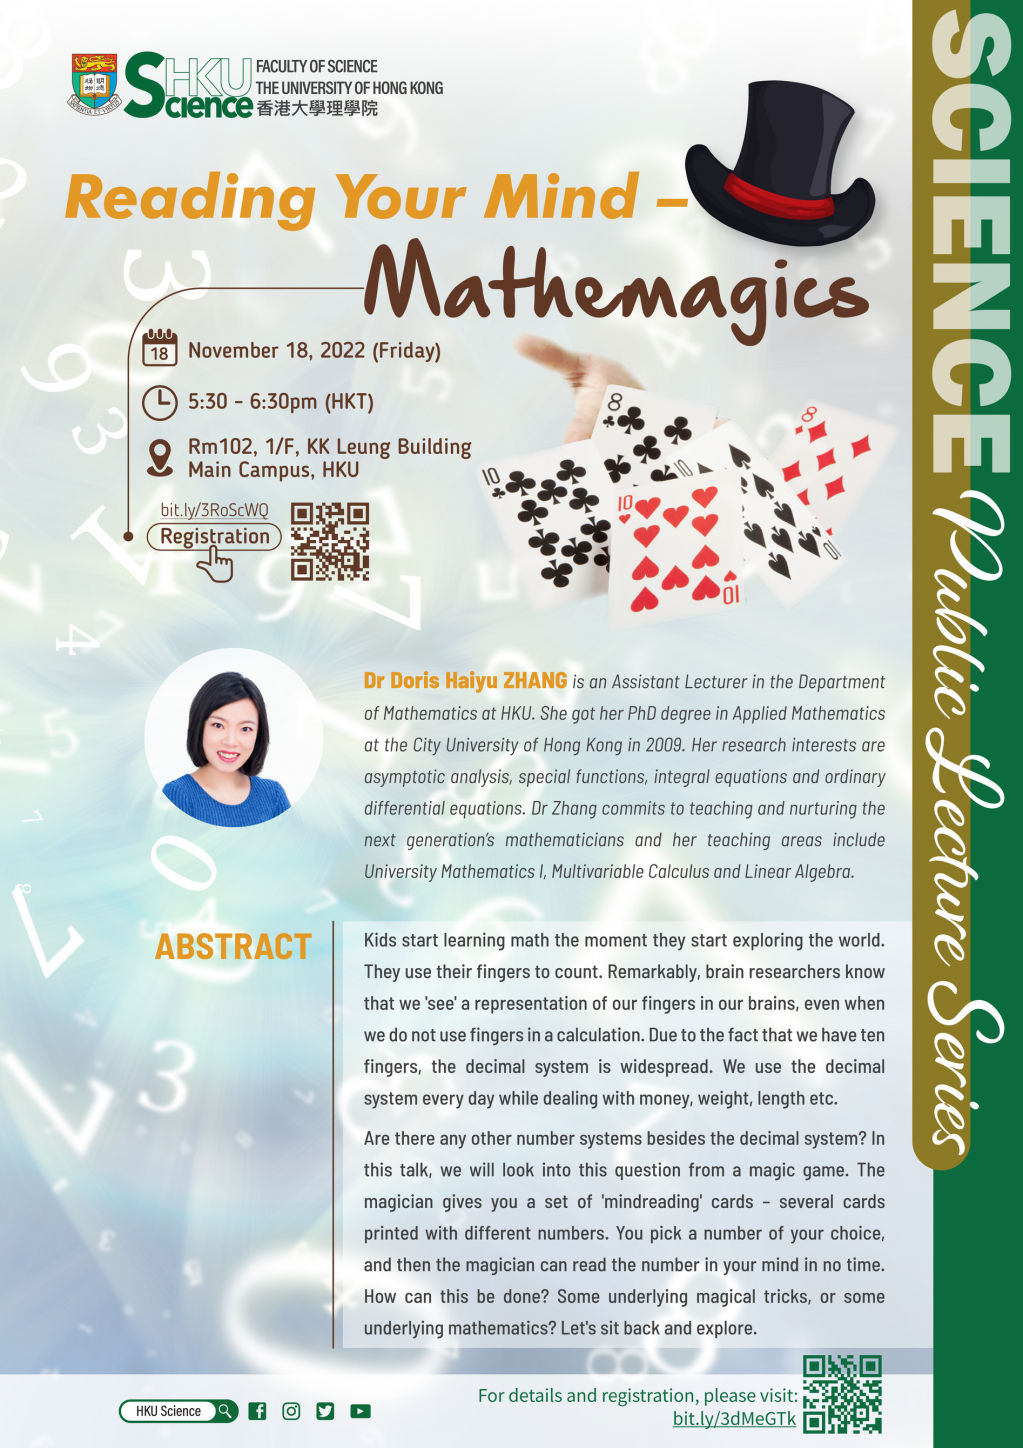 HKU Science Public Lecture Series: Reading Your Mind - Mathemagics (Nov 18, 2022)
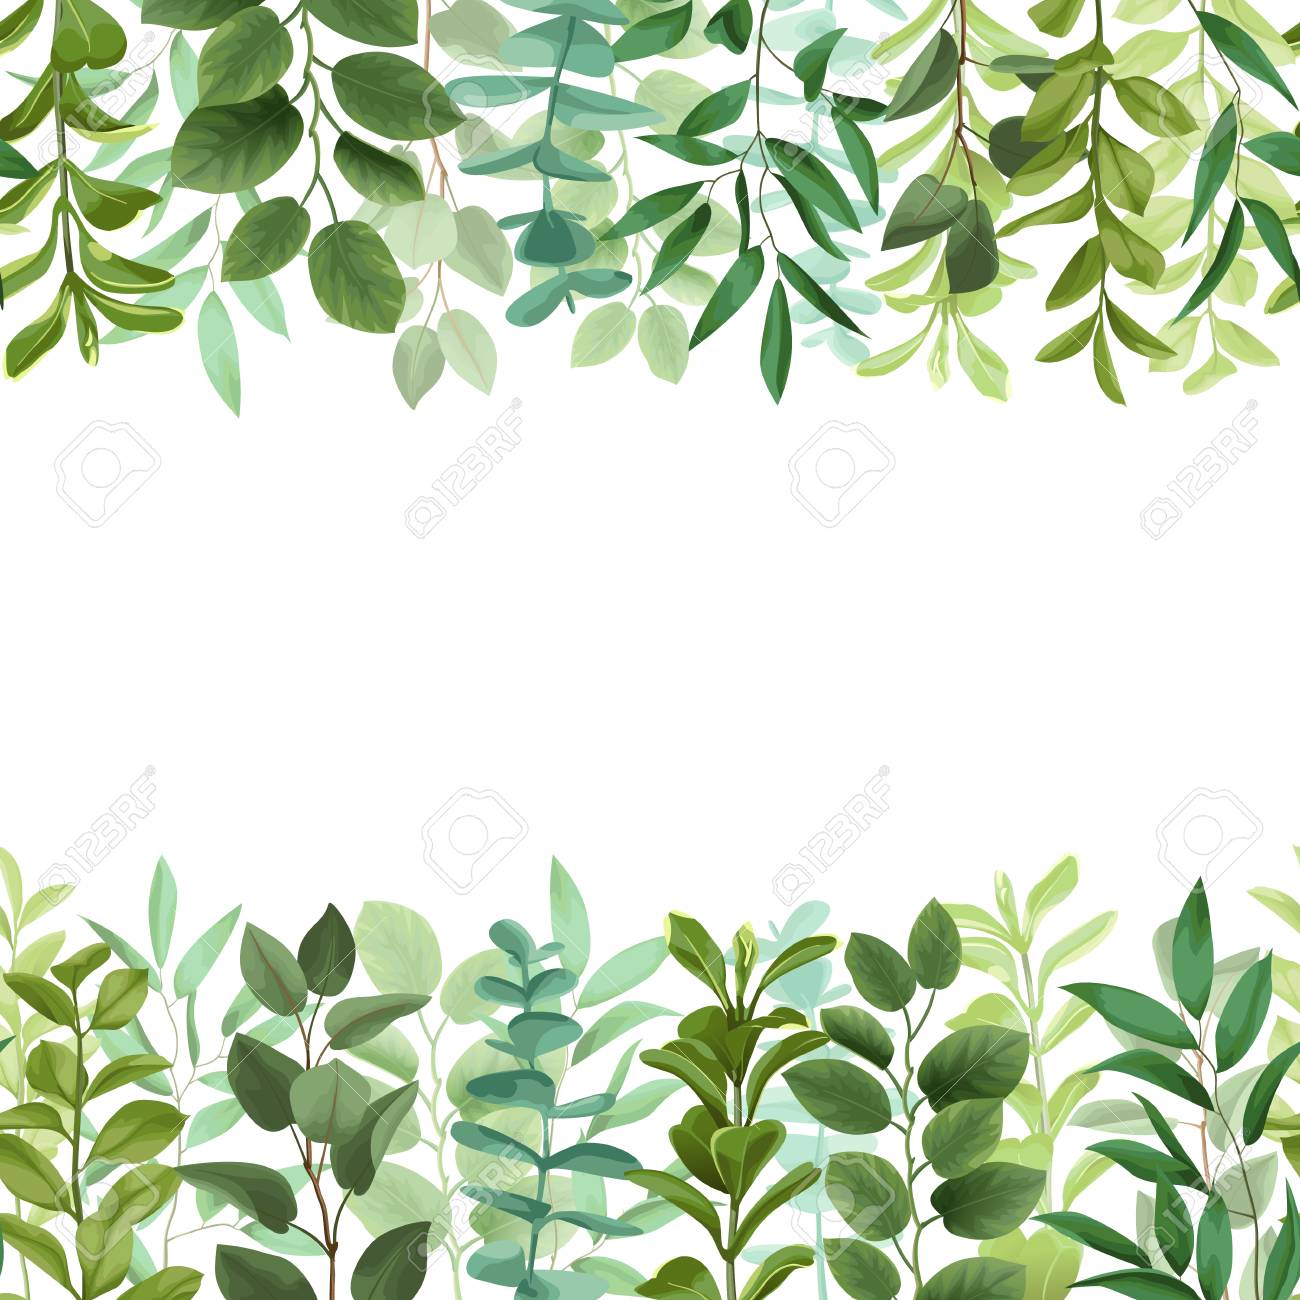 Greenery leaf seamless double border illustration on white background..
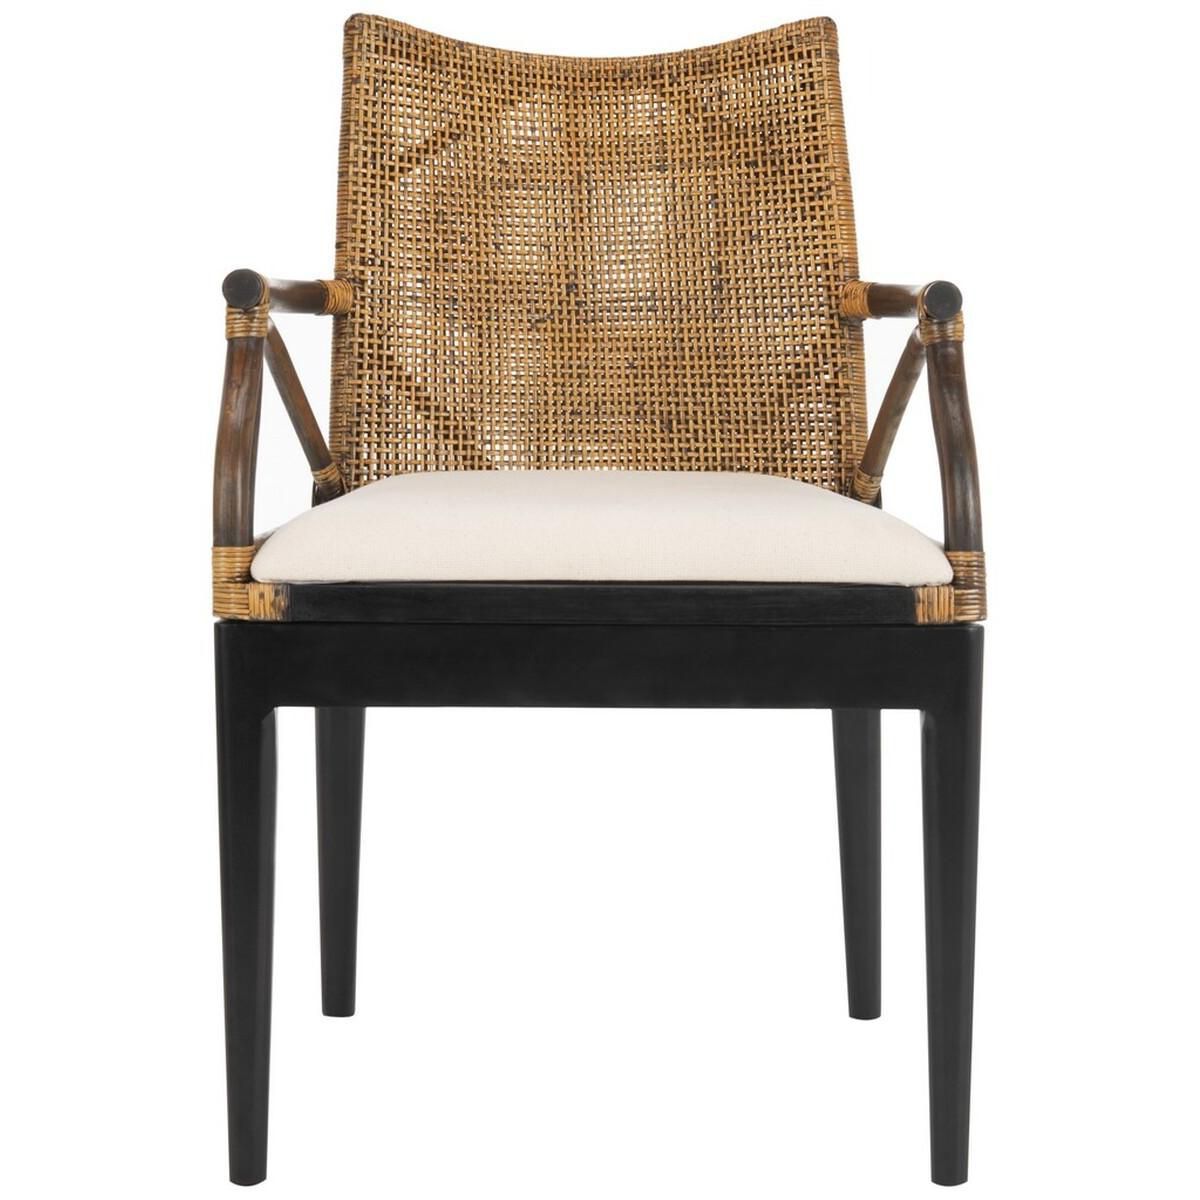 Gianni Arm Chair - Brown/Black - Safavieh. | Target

#####

Exercise aim:
Write out all the data exactly, minus pictures.

Result below:
 HKU Science Public Lecture Series: Reading Your Mind - Mathemagics (Nov 18, 2022)
 Greenery leaf seamless double border illustration on white background..
 Gianni Arm Chair - Brown/Black - Safavieh. | Target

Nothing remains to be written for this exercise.